Next we consider deviations from our ratings with the average Letterboxd rating, both by movie and per user, and most interesting to me, the mean deviation from the mean Letterboxd ratings over all movies a person has rated, which could be construed as that person’s “hipsterness” score. Here we do not take into consideration absolute differences, but of course, you could do that as well.

movies <- movies |> 
  mutate(Rating_Diff = Rating - Letterboxd_Rating)

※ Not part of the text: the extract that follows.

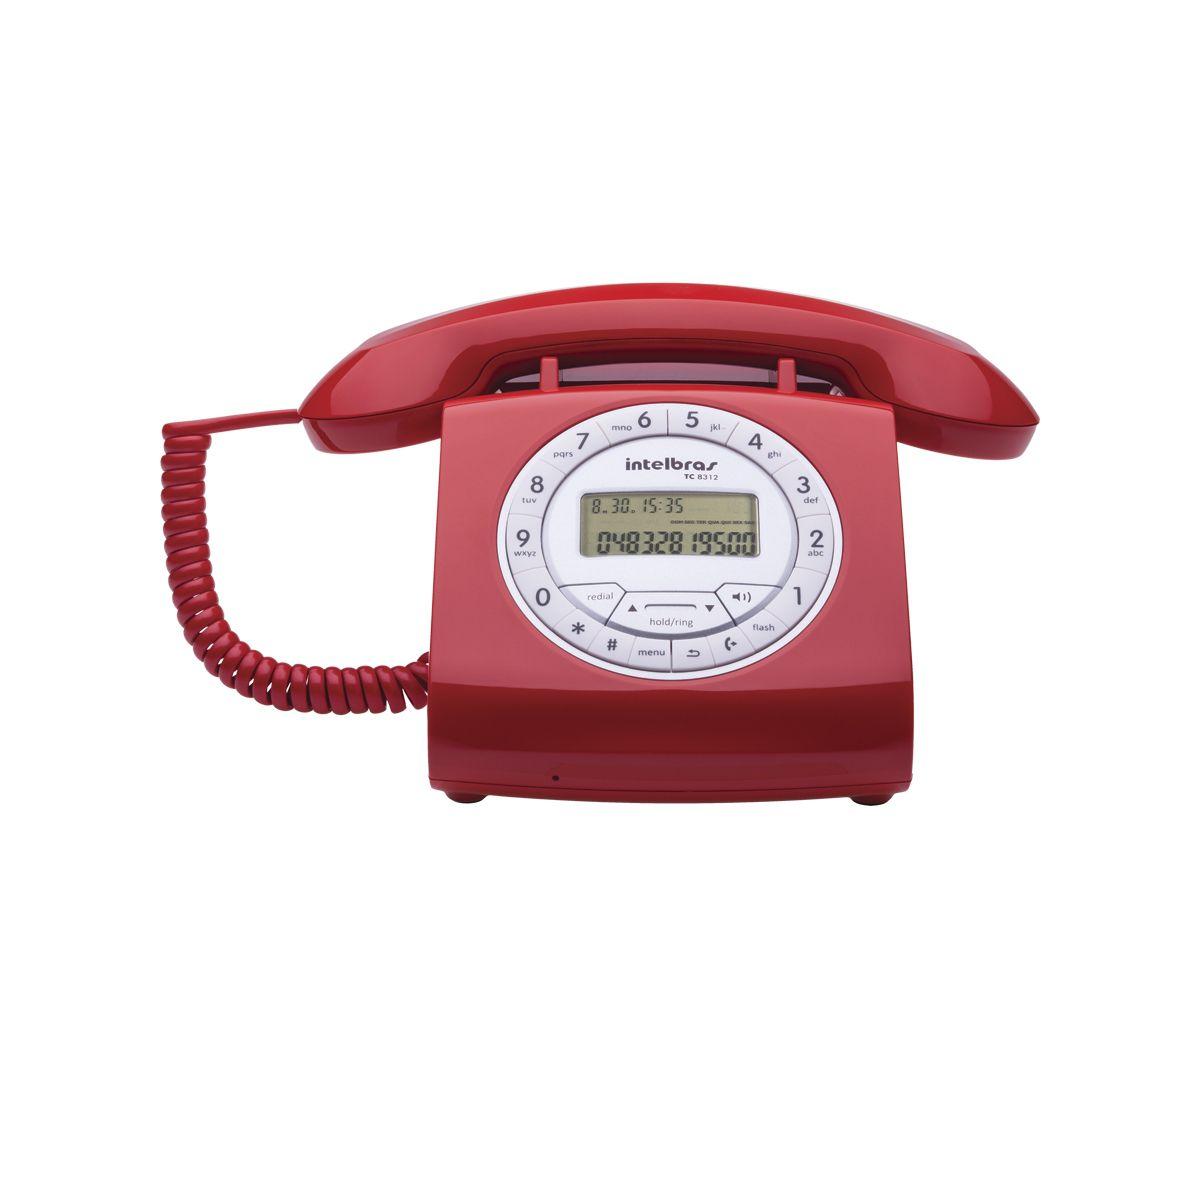 Telefone Tc-8312 Vermelho c/Identificador Intelbras

# Biggest outliers by movie

outliers_movies <- movies |> 
  group_by(Name, Year) |> 
  mutate(mean_rating_diff = mean(Rating_Diff, na.rm = TRUE)) |> 
  select(Name, Year, Letterboxd_Rating, mean_rating_diff) |> 
  distinct() |> 
  arrange(desc(mean_rating_diff))

outliers_movies <- left_join(outliers_movies, movies_wide) |> 
  select(Name, Year, mean_rating_diff, Letterboxd_Rating, starts_with("Rating"))

outliers_movies

# Outliers by person for each movie - max

outliers_rater <- movies |> 
  group_by(User) |> 
  slice_max(Rating_Diff, n = 10) |> 
  select(User, Name, Year, Rating, Letterboxd_Rating, Rating_Diff)

outliers_rater <- left_join(outliers_rater, movies_wide) |> 
  select(User, Name, Year, Letterboxd_Rating, starts_with("Rating"))

outliers_rater

# Outliers by person for each movie - min

outliers_rater <- movies |> 
  group_by(User) |> 
  slice_min(Rating_Diff, n = 10) |> 
  select(User, Name, Year, Rating, Letterboxd_Rating, Rating_Diff)

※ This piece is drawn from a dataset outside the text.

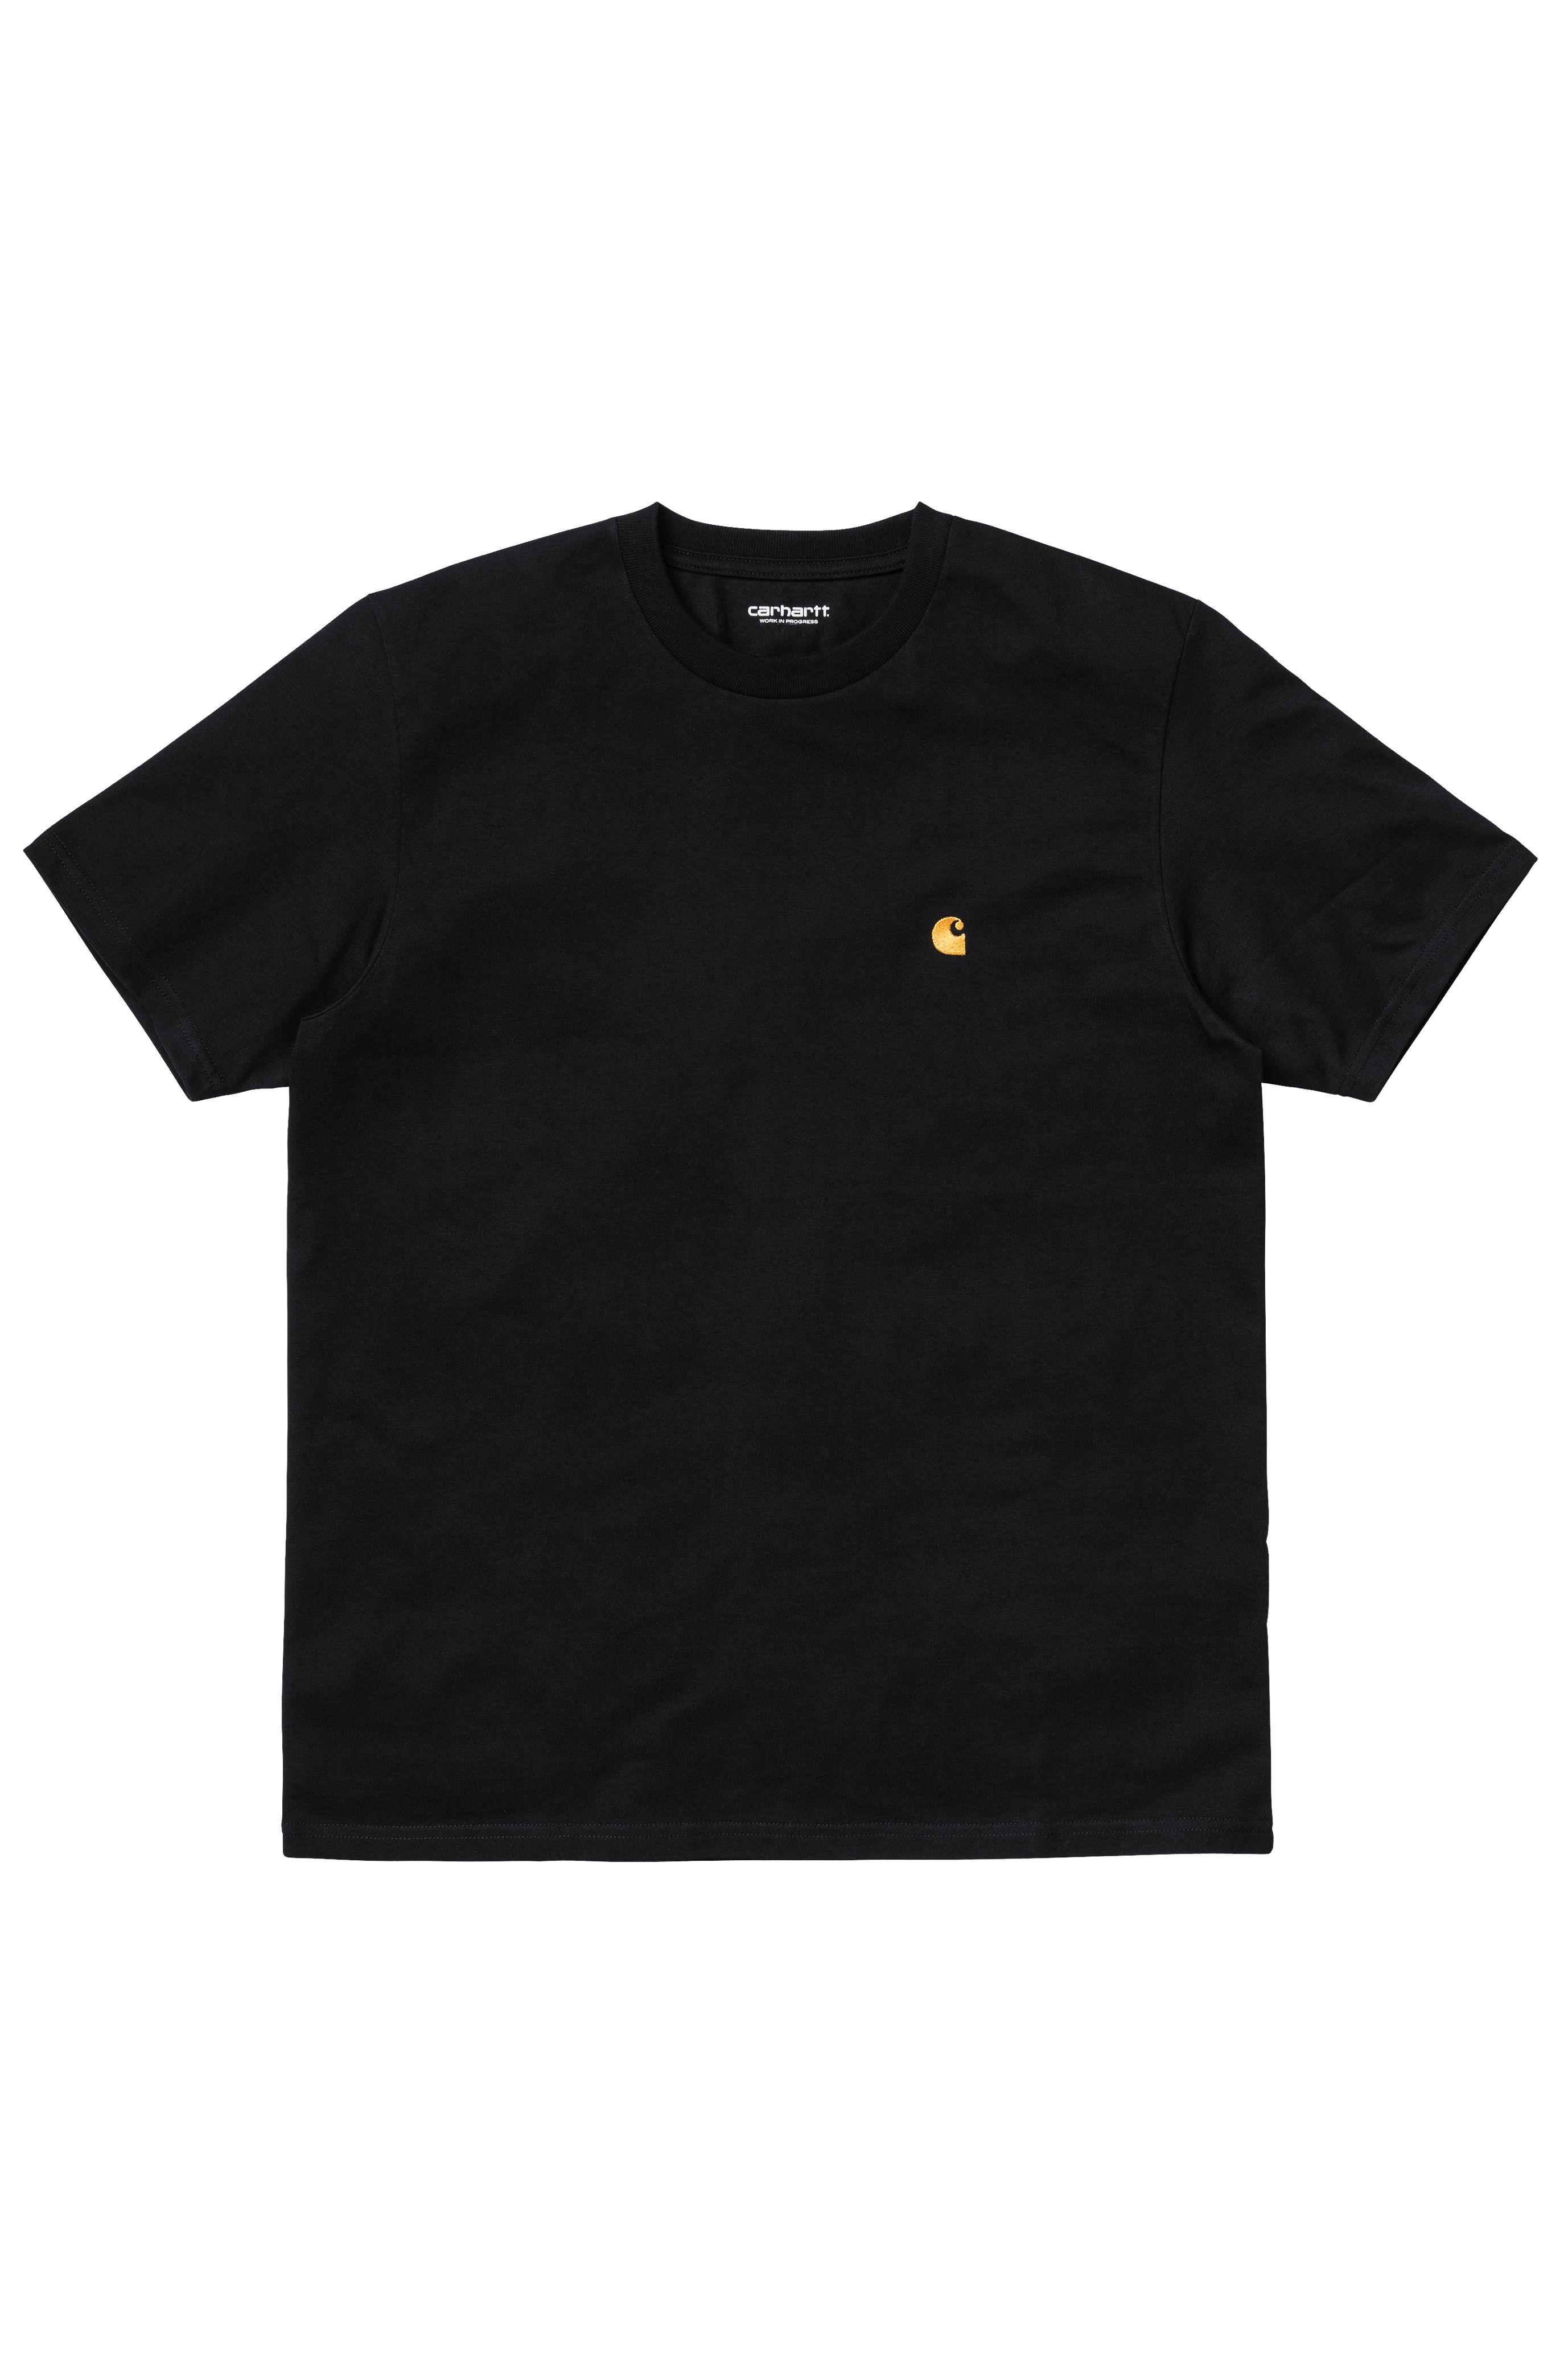 Carhartt WIP T-Shirt CHASE Black/Gold

outliers_rater <- left_join(outliers_rater, movies_wide) |> 
  select(User, Name, Year, Letterboxd_Rating, starts_with("Rating"))

outliers_rater

# By person (hipsterness)

movies |> 
  group_by(User) |> 
  summarize(mean_rating_diff = mean(Rating_Diff, na.rm = TRUE))

Turning to some slightly more complex procedures, we can see who is most similar to each other in terms of rating movies by calculating cosine similarity ratings for each pair of users. Of course, this is only one similarity metric, you could consider others like Jaccard similarity (with only watched movies or some binarization of the rating), Euclidean distance, and so on.

# Who is the most similar to each other?

combinations_forsimilarity <-
  data.frame(combinations(n = length(members),
                          r = 2,
                          v = members)) |> 
  rename(User1 = X1, User2 = X2)

cosine_similarity <- function(x, y) {
  dot_product <- sum(x * y, na.rm = TRUE)
  magnitude_x <- sqrt(sum(x^2, na.rm = TRUE))
  magnitude_y <- sqrt(sum(y^2, na.rm = TRUE))
  similarity <- dot_product / (magnitude_x * magnitude_y)
  return(similarity)
}
             
combinations_forsimilarity$cosine_similarity <- sapply(1:nrow(combinations_forsimilarity), function(i)
  
  cosine_similarity(movies_wide[,paste0("Rating_", combinations_forsimilarity[i,]$User1)],
                    movies_wide[,paste0("Rating_", combinations_forsimilarity[i,]$User2)])
  
)

combinations_forsimilarity

Subsequently this can be the basis of a simple recommendation engine, which takes the combinations_forsimilarity object (which has ${n \choose 2}$ rows, where $n$ is the number of users) and pivots it to the similarity object which just concerns the possible pairings between the target_user and the other users. It then takes the movies data frame and filters it to movies the target_user has not seen, joins the similarity ratings from the other users and creates a weighted rating (if you have many users, you may want to define a threshold by which a user is similar to another) based on the similarity scores. This rating is then transformed to range between 0 and 1 and the output is the list of movies the target_user has not seen sorted by this weighted rating.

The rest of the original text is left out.